The Interatomic Potentials Repository (IPR) at the National Institute of Standards and Technology (NIST) provides a valuable service to the molecular simulation community. The NIST IPR accepts interatomic potential parameter files contributed by developers and provides access to these files and accompanying information on their website. Links are also provided to results obtained using these potentials from computations performed by NIST IPR staff.

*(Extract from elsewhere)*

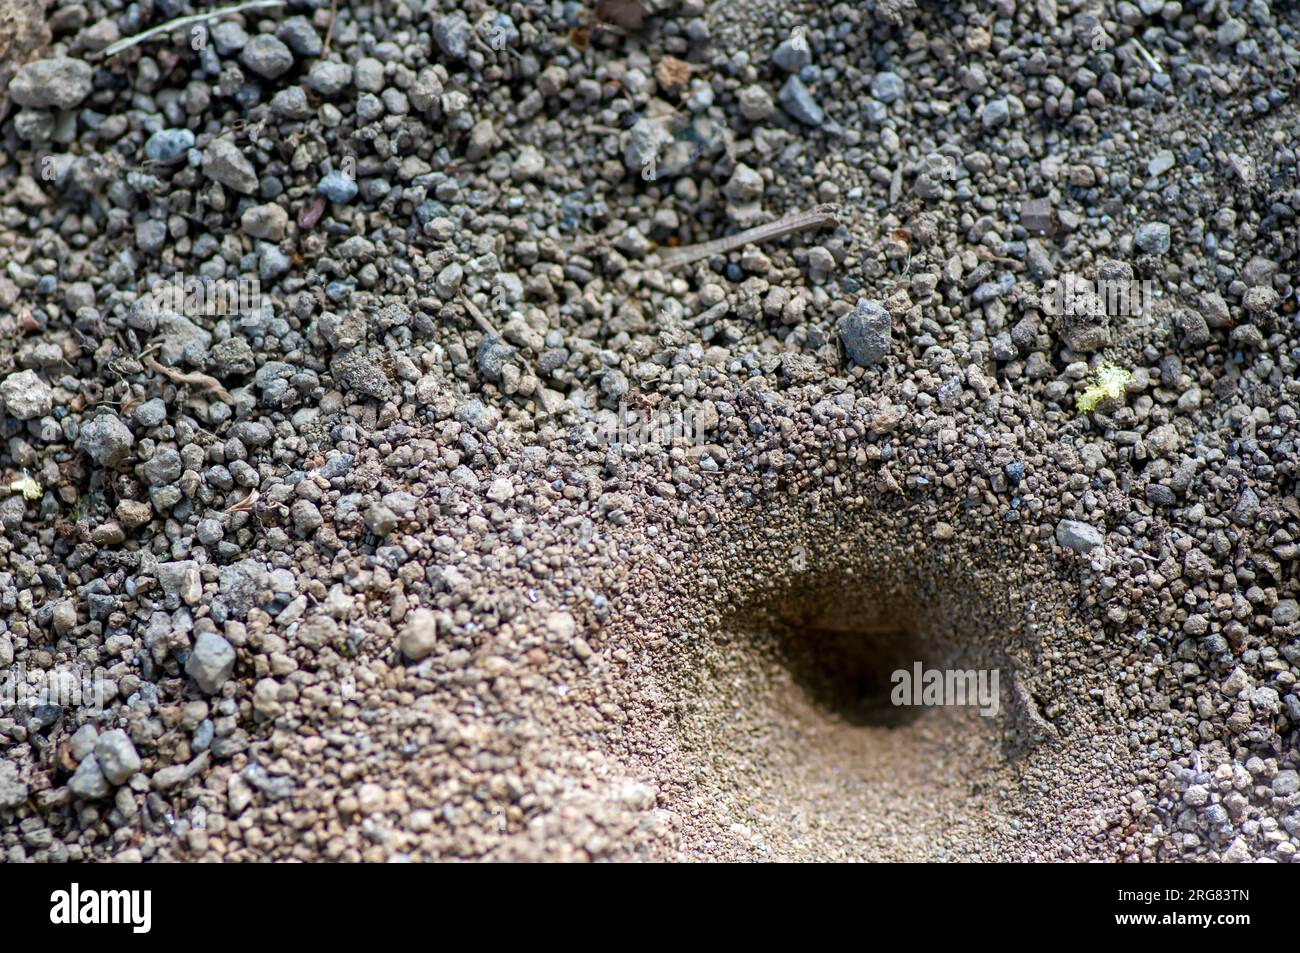 Der Wirbel oder ein Kegelloch auf dem Boden, das Nest von Myrmeleon formicarius Larven, undur-undur, Antliontier. Stockfoto

The OpenKIM project collaborates with NIST by regularly exchanging information. Many of the interatomic models archived in OpenKIM were originally submitted to the NIST IPR (in such cases, a link to the original NIST content is provided on the model's page on openkim.org). It is the intention of the OpenKIM project to continue working closely with the NIST IPR to serve the needs of the materials research community.
Despite the similarities, OpenKIM is fundamentally different from the NIST IPR. OpenKIM not only stores parameter files and completed calculations, but is also a computational infrastructure that is integrated with major simulation codes that support the KIM Application Programming Interface (API) standard. Potentials in OpenKIM are curated subject to full provenance control (including versioning to ensure reproducibility of results) and can be used seamlessly with KIM-compliant codes. In addition, archived potentials are verified for coding correctness and tested for their predictions within the OpenKIM system using an automated framework called the KIM Processing Pipeline. Results of these calculations are accessible programtically via a web query interface. OpenKIM is a member of DataCite and issues all content in openkim.org DOIs that can be cited in publications. See the Features of the OpenKIM System for more details on OpenKIM capabilities that differ from the NIST IPR.